2. The semiconductor laser fiber coupling device according to claim 1, wherein each of the beam combining structures comprises a plurality of parallel beam combining structures comprising the light source, the fast axis collimating lens, the slow axis collimating lens, and the dichroic mirror, and the dichroic mirrors of the beam combining structures are positioned on the same straight line.

3. The semiconductor laser fiber coupling device according to claim 2, wherein each of the beam combining structures includes at least two light sources which are arranged in parallel and emit light beams having the same wavelength, and the light sources of each of the beam combining structures emit light beams having different wavelengths; each column of the beam combining structures includes a polarizer disposed in the optical path between the slow axis collimating lens and the dichroic mirror.

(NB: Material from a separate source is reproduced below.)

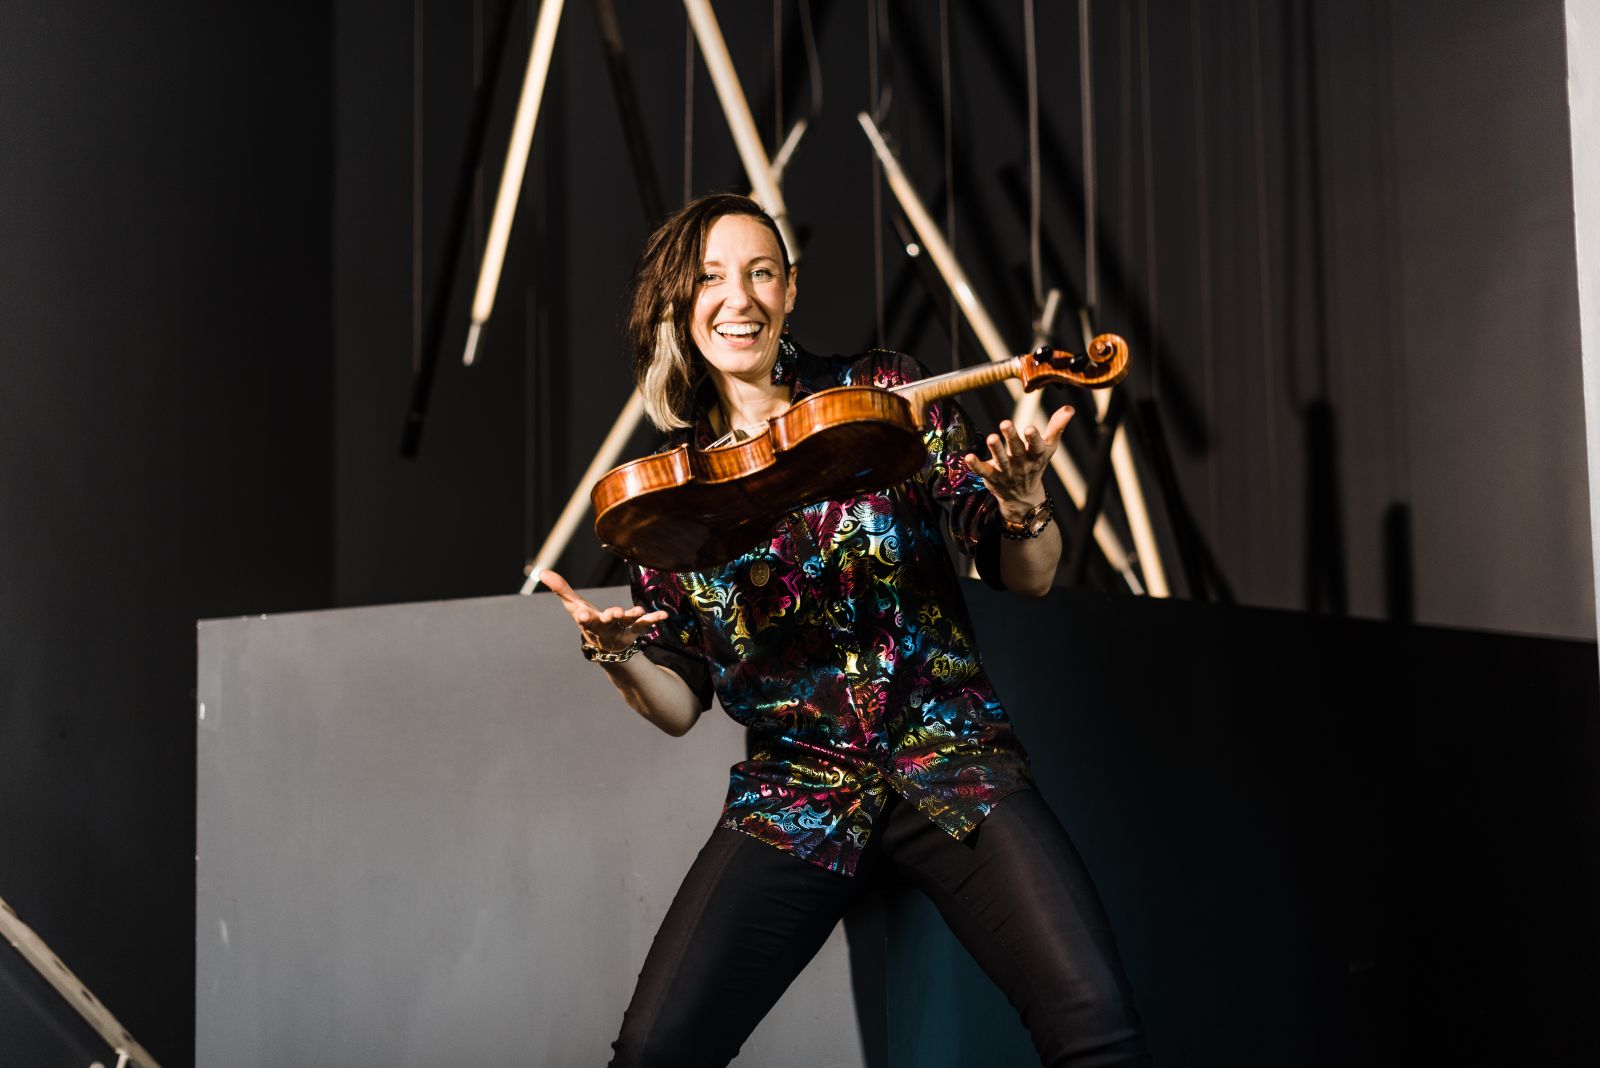 Lauren Spaulding excitedly hold her instrument

4. A semiconductor laser fiber coupling device, comprising: a light source, a fast axis collimating lens, a slow axis collimating lens, a dichroic mirror, an optical fiber, a concave mirror, and a polarizer, wherein:

the fast axis collimating lens, the slow axis collimating lens and the dichroic mirror are sequentially arranged along the light path of the light rays emitted by the light source;

the polarizer is arranged on the light path of the emergent light of the dichroic mirror, the concave mirror is arranged on the light path of the emergent light of the polarizer, and the optical fiber is positioned at the focusing point of the reflecting light path of the concave mirror;

and a plurality of groups of beam combining structures consisting of the light source, the fast axis collimating lens, the slow axis collimating lens and the dichroic mirror are uniformly arranged around the circumference of the concave mirror, each group of beam combining structures comprises two groups of beam combining structures which are mutually perpendicular, and the polarizer is arranged at the intersection point of emergent rays of the dichroic mirrors of the two groups of beam combining structures which are mutually perpendicular.

5. The semiconductor laser fiber coupling device according to claim 4, wherein each of the beam combining structures comprises a plurality of parallel beam combining structures comprising the light source, the fast axis collimating lens, the slow axis collimating lens, and the dichroic mirror, and the dichroic mirrors of the beam combining structures are positioned on the same straight line.

6. A semiconductor laser fiber coupling device according to any of claims 1 to 5, wherein the reflecting surface of the concave mirror is aspherical.

7. The semiconductor laser fiber coupling device according to any of claims 1 to 5, wherein the reflecting surface of the concave mirror is coated with a reflecting film.

8. The optical fiber coupling device according to claim 7, wherein the reflective film is made of a high reflective film having as low an absorptivity as possible for a wavelength band of the corresponding light source; preferably, the high reflection film has a reflectance of not less than 99.8%.

9. The semiconductor laser fiber coupling device according to any of claims 1 to 5, wherein the polarization combining characteristics of the polarizer are required to match the polarization state of the light source, and the polarizer is required to have a high transmittance corresponding to the wavelength of the transmitted light source.